This is a better picture of Tessa from this morning...I guess I'm just being paranoid because we got her from a breeder, but she isn't registered so my husband is skeptical!
I appreciate all your feedback!


----------



## DanaRuns (Sep 29, 2012)

Kora2014 said:


> This is a better picture of Tessa from this morning...I guess I'm just being paranoid because we got her from a breeder, but she isn't registered so my husband is skeptical!
> I appreciate all your feedback!


Skeptical of what?

And, oh my. A breeder of unregistered Golden Retrievers? That's not a good sign. Such breeders rarely worry about the quality of dog they are producing. They often are unconcerned with breeding to type, meaning they take no efforts to make sure the puppies they produce have, among other things, a proper coat. So, who knows, your fears may be well founded. Or they may not. You'll just have to wait and see.


----------



## Kora2014 (Sep 15, 2014)

DanaRuns said:


> Skeptical of what?
> 
> And, oh my. A breeder of unregistered Golden Retrievers? That's not a good sign. Such breeders rarely worry about the quality of dog they are producing. They often are unconcerned with breeding to type, meaning they take no efforts to make sure the puppies they produce have, among other things, a proper coat. So, who knows, your fears may be well founded. Or they may not. You'll just have to wait and see.

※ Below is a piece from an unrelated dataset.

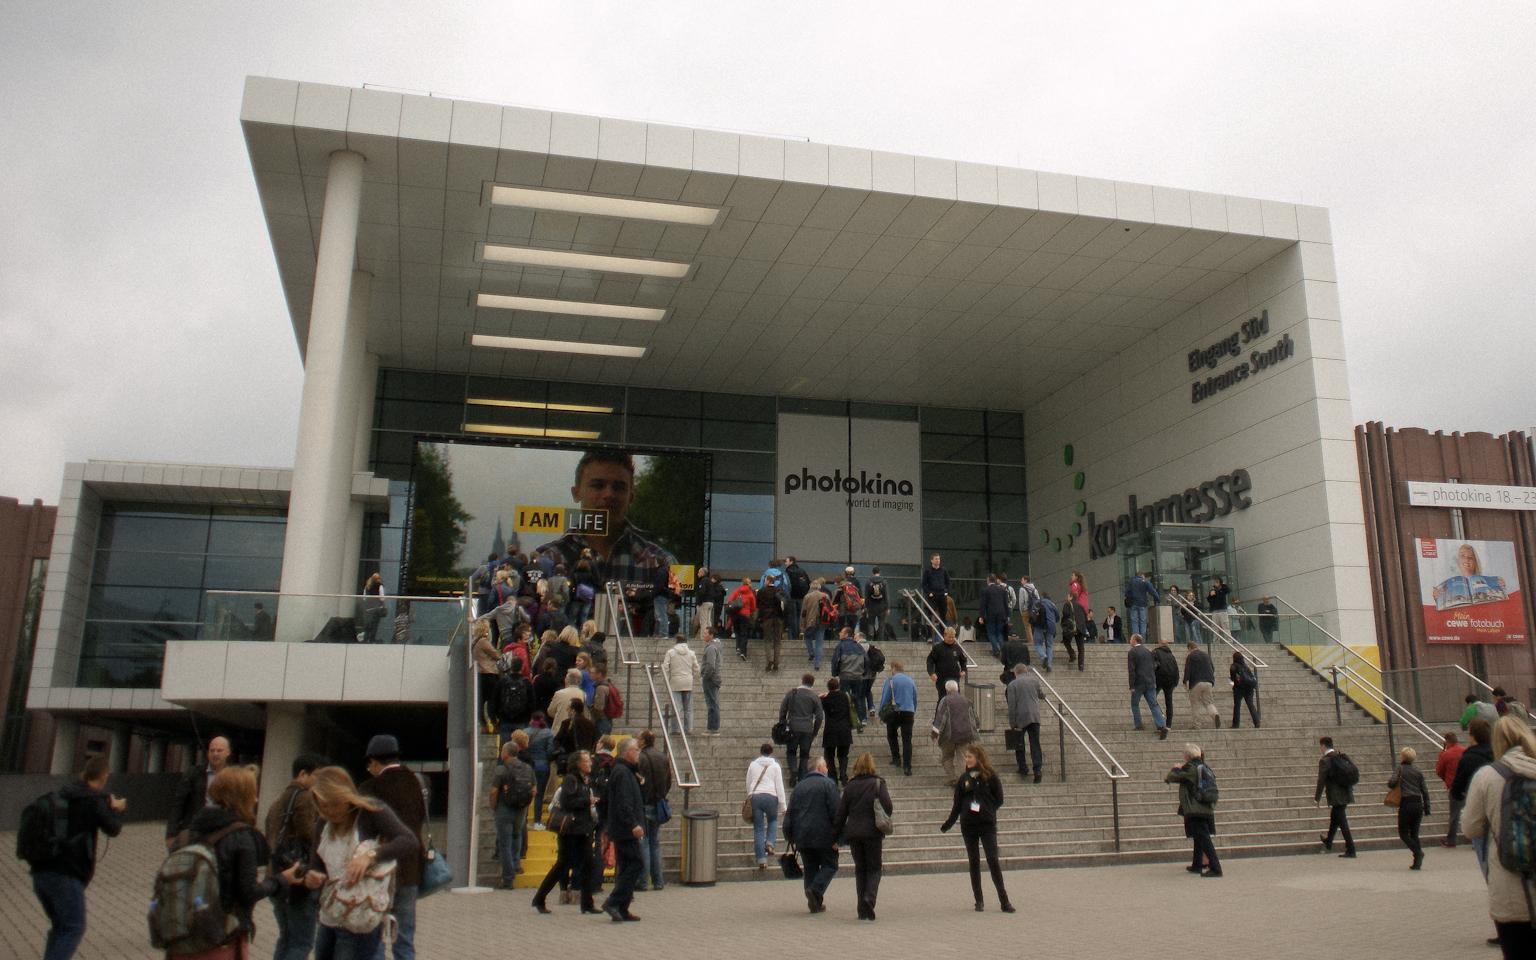 Messe Köln Eingang Ost

Yes exactly! He is concerned of the health and blood lines (pure bred). We bought Tessa from a family who had been breeding Golden's from their two pure bred retriever's, but they are not a registered breeder.

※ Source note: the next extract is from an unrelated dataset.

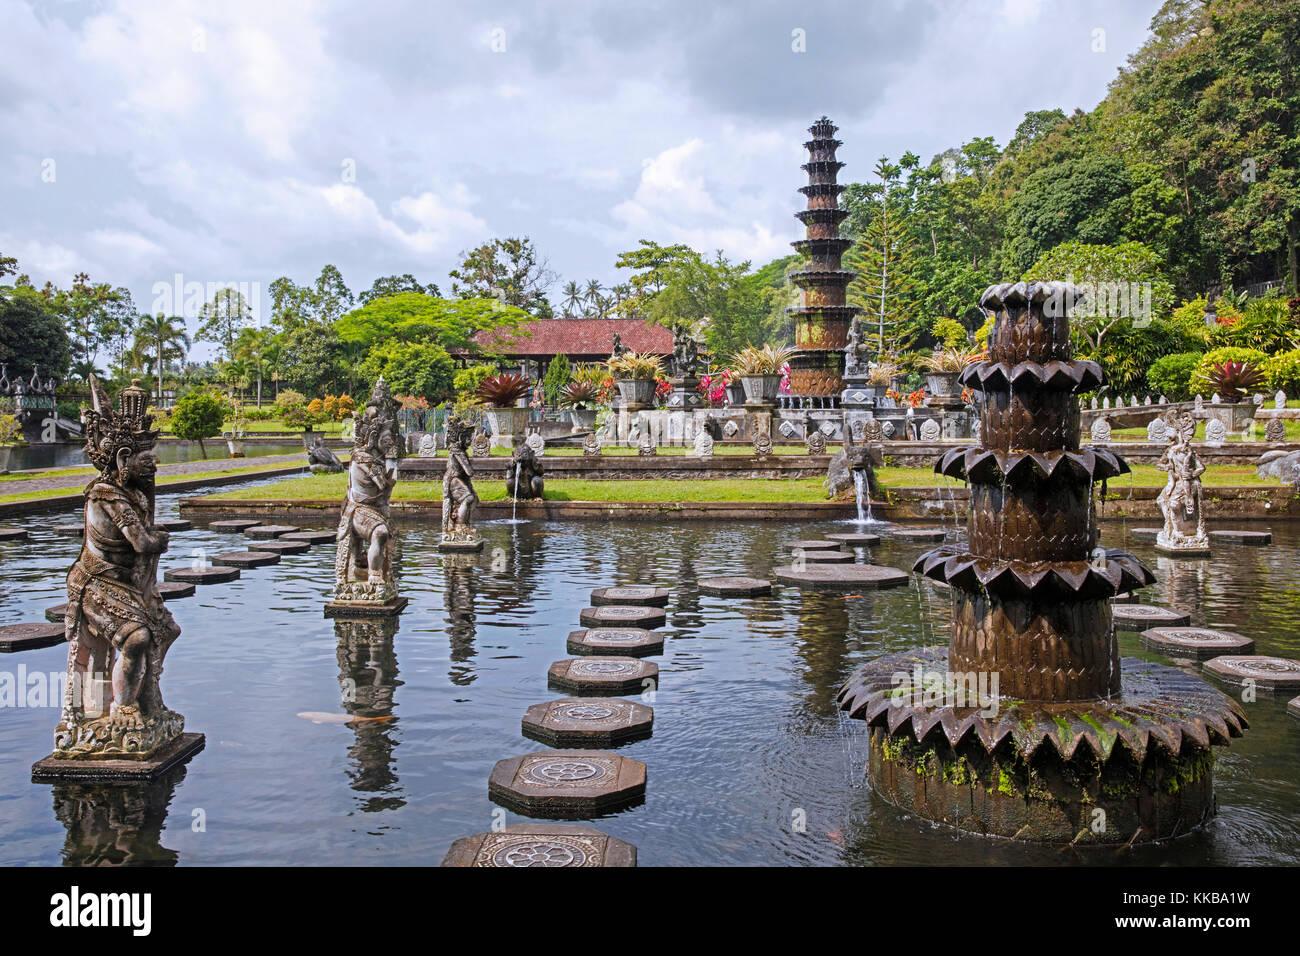 Stagni e fontane a tirta gangga, ex acqua Royal Palace a ababi, karangasem vicino abang in Bali Orientale, Indonesia Foto Stock

Kora was from a registered breeder, so he was hesitant when we got Tessa and now with her coat, he is even more concerned!

We love her no matter what and she has been a great puppy so far...I guess I am just trying to convince myself (and him) that she is a normal Golden Pup as I know they all come in different shapes and sizes.


----------



## Jamie Cropp Bell (Sep 16, 2018)

DanaRuns: Who is that adorable little red bitch??? Love her!


----------



## DanaRuns (Sep 29, 2012)

Jamie Cropp Bell said:


> DanaRuns: Who is that adorable little red bitch??? Love her!


Thanks! She's my current show girl, "Khaleesi," Esquire's Game of Bones. And I love her too!


----------



## Shenya (Jan 11, 2019)

I had the same worry about my boy. His mom had a very short thin coat. Finally at 8 months I see some progress. The first picture is now at 8 months.


----------



## Kora2014 (Sep 15, 2014)

Shenya said:


> I had the same worry about my boy. His mom had a very short thin coat. Finally at 8 months I see some progress. The first picture is now at 8 months.


Thank you! He does look a lot like Tessa when he was 4 months...so there is hope yet!
She is now 4.5 months and we can see some tail feathers forming and some wisps on the back of her legs, but she definitely has a lot less fur then Kora did and from other golden's that I see!
She is an amazing smart, funny and beautiful girl...I just want to make sure our little duckling will one day turn into a swan! 

I have attached some recent pics!


----------



## Shenya (Jan 11, 2019)

Kora2014 said:


> Thank you! He does look a lot like Tessa when he was 4 months...so there is hope yet!
> She is now 4.5 months and we can see some tail feathers forming and some wisps on the back of her legs, but she definitely has a lot less fur then Kora did and from other golden's that I see!
> She is an amazing smart, funny and beautiful girl...I just want to make sure our little duckling will one day turn into a swan!
> 
> I have attached some recent pics!


Your baby looks amazing...I hope she does turn in to a beautiful swan eventually...


----------



## Jawa (Jul 13, 2020)

Kora2014 said:


> So I have been kind of obsessing lately as to why Tessa's coat is so short and thin! She was never really fluffy (feeling a little disappointed) so I started looking into different types of Golden's.
> 
> 
> I know that all Golden's have different coats and come in all shapes and sizes, but I am so used to seeing my big fluff ball Kora that I am now concerned that Tessa is really thin and furless!
> ...


Hi, Do you mind posting a pic of Tessa? Just want to see how she's now.


----------